Characteristic function-based tests for spatial randomness
Yiran Zeng, Dale L. Zimmerman
公開日: 2025/4/10
Abstract
We introduce a new type of test for complete spatial randomness that applies to mapped point patterns in a rectangle or a cube of any dimension. This is the first test of its kind to be based on characteristic functions and utilizes a weighted $L_2$-distance between the empirical and uniform characteristic functions. The test shows surprising connections to Ripley's $K$-function and Zimmerman's $\bar{\omega}^2$ statistic. It is also simple to calculate and does not require adjusting for edge effects.
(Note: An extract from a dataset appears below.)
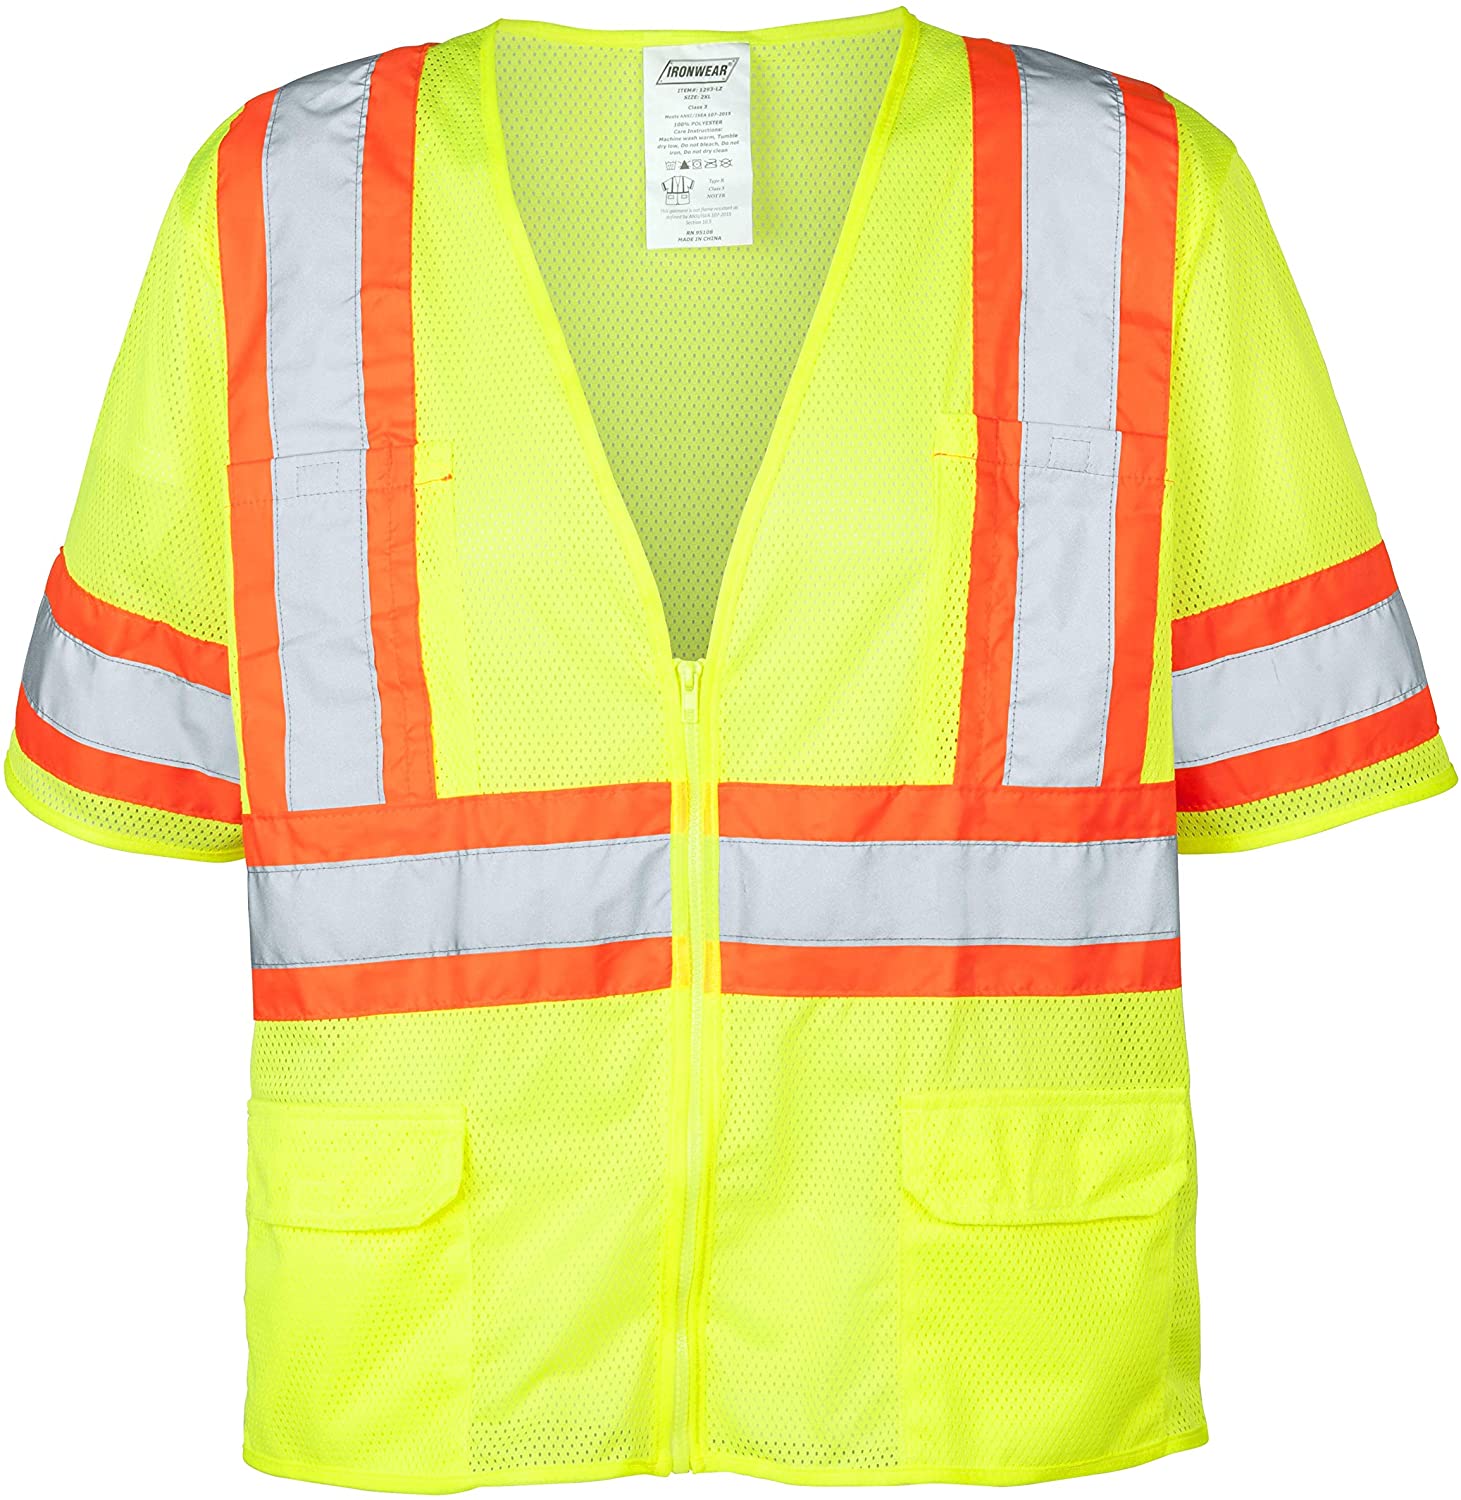 Ironwear® 1293-LZ Class 3 Hi-Vis Lime Reflective Safety Vest with 6 Pockets, X-Large

An efficient algorithm is developed to find the asymptotic null distribution of the test statistic under the Cauchy weight function. This makes the test fast to compute. In simulations, our test shows varying sensitivity to different levels of spatial interaction depending on the scale parameter of the Cauchy weight function. Tests with different parameter values can be combined to create a Bonferroni-corrected omnibus test, which is more powerful than the popular $L$-test and the Clark-Evans test in most simulation settings of heterogeneity, aggregation and regularity, especially when the sample size is large. The simplicity of the empirical characteristic function makes it straightforward to extend our test to non-rectangular or sparsely sampled point patterns.